To read what’s broken with phone bills and Truth-in-billing.
http://www.newnetworks.com/phonebillinto.html
,

SBC’s IPTV Lies: Do the Math

Posted in Truth In Billing, Broadband on August 19th, 2005

USA Today’s “SBC’s $4 billion IPTV investment ‘not muchmoney’”
http://www.usatoday.com/tech/products/gear/2005-08-16-iptv-sbc_x.htm

SUMMARY: MATH.& HISTORY
Based on history, Teletruth believes SBC is misleading the public by making claims it knows can’t be true. They claim 18 million homes in 3 years will be rewired at a cost of $4 billion for “IPTV” — video services using the IP networks.
— That comes to.$222 a household for deployment of a fiber optic based new service.It is pure fantasy. And the equipment doesn’t even work today.
—History points to SBC simply making stuff up to change laws in their favor.
=================================================
The title of this USA Today article is correct, — $4 billion is not much money and SBC can not be trusted to either spend the money or deploy the technology.
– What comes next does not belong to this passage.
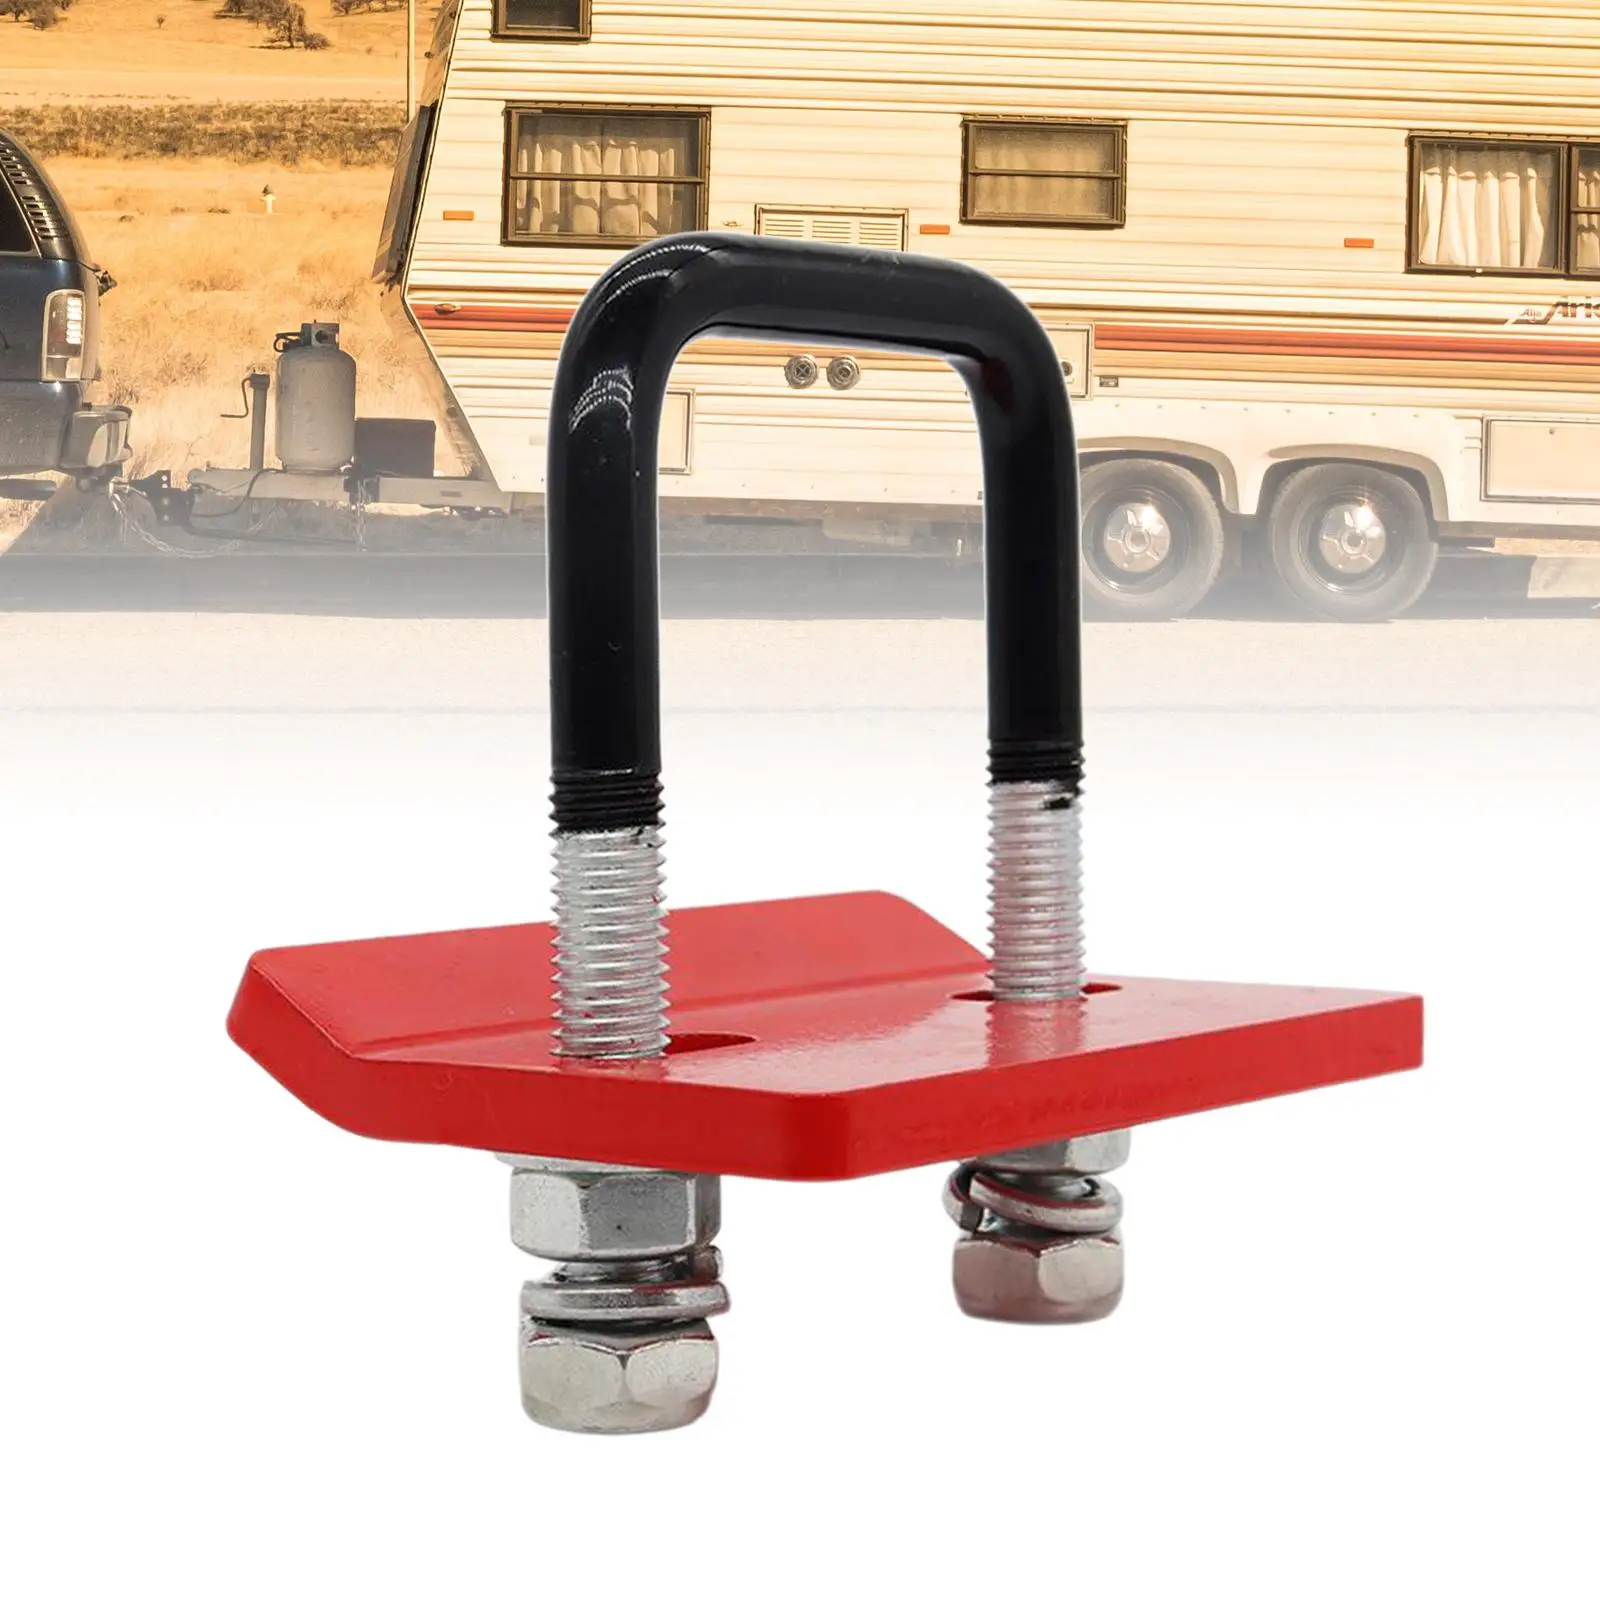 Alloy Steel Hitch Tightener Accessories Anti Rattle Stabilizer Lock Down Tow Clamp for Trailer Ball Mount Bike Rack Hitch Tray

USA: “The carrier (SBC) plans to spend $4 billion by 2007 to wire 18 million homes f r the cutting-edge technology. The project, if successful, would turn SBC into one of the largest purveyors of IPTV in the world.”
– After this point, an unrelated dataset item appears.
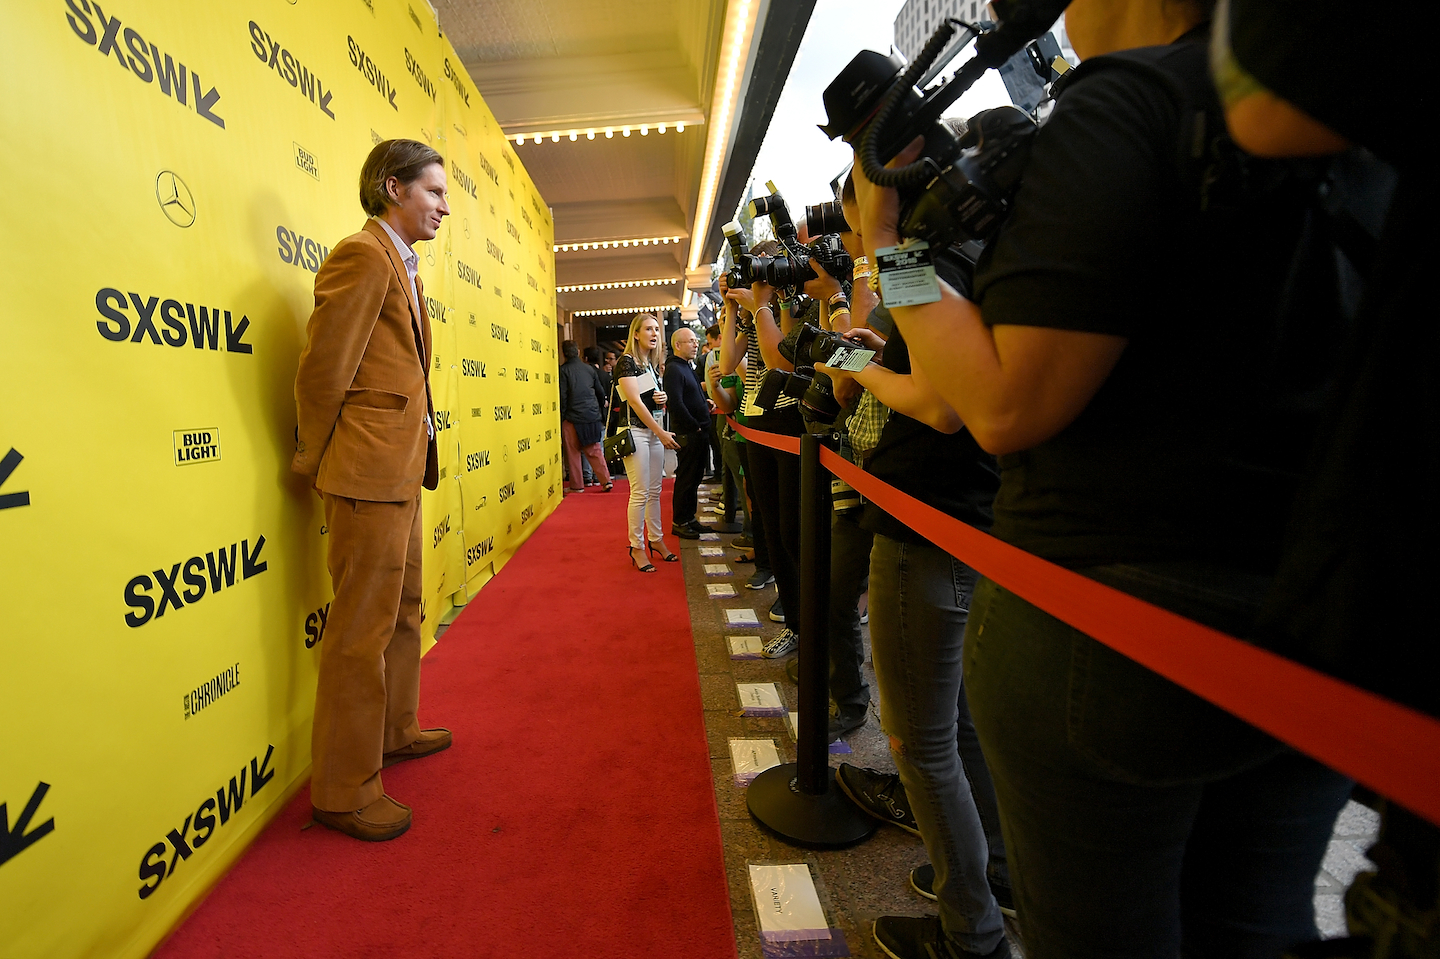 Wes Anderson at the Isle of Dogs Premiere. Photo by Michael Loccisano/Getty Images for SXSW

Welcome to fantasy island. I can say this based on the history of SBC t0 deploy technology as promised.

Let’s put some facts on the table. In the 1990’s, Pacific Bell, Ameritech, SNET, and Southwestern Bell all had plans to rewire the 13 states with fiber optics — Pac Bell promised to spend $16 billion with 5 million households by 2000, SNET $4.5 billion, Ameritech would have 6 million households — and the total number of households to be wired in these 13 states was —- over 12 million lines by 2000!

And custmers paid for these networks through changes in
state deregulation — massive financial incentives were given
to the phone companies per state.

When SBC took over — merged with — Pac Bell, Ameritech, and SNET, SBC closed down every fiber optic plan. Trashed or sold off everything. There went thefiber optic future for 125 million people — 40% of the US!

But hope springs eternal, as part of the Ameritech-SBC Agreement in 1999, SBC stated it would spend $6 billion to rewire the states, known as “Project Pronto”—- Another flop. Never completed, much of the money unspent.

And now, SBC claims it will rewire and offer IPTV (which requires broadband based on fiber optic networks).

USA Today: “The carrier plans to spend $4 billion by 2007 to wire 18 million homes for the cutting-edge technology.”

Do the math — It’s simply ridiculous!

It comes out to 6 million homes a year — at a cost of —– $222.22 per household…. Please stop laughing.

Anyone acquainted with this business knows that it cost more than $222 per household to rewire, much less supply the technology needed for IPTV — which is new and has been deployed sporadically in other countries.

USA Today writes: “Indeed, nobody knows how IPTV will behave once it is “scaled,” or rolled out, to millions of paying customers. One of the largest IPTV installations in the world is in China, and that one has only about 500,000 customers.”

And the real kicker — The stuff doesn’t work today, but they can make statements to show how SBC is delivering on broadband.

USA Today: “The wildcard is Microsoft. The tech giant is developing the operating system that will form the heart of SBC’s IPTV service - and it isn’t close to done. ….There’s also the question of whether the half-dozen or so vendors
supporting the project can get their hardware and software to mesh properly.
Getting it perfect right out of the box is critical.”

Around the country, the Bell companies are trying to block municipalities from rewiring or wifi-ing their cities. Trusting SBC and the other Bell companies to fulfill any of their public statements is a waste of time, and citizens should stand up to companies who will say anything to remove more
laws to make them more money and block competition.

Worse, SBC is planning on getting larger, now merging with AT&T.
Why hasn’t anyone investigated how the previous mergers
SBC-Ameritech-SNET-Southwestern Bell, raised rates and harmed broadband deployments and competition. SBC was supposed to be competing in 30 cities outside these regions with wireline competition — that never happened either.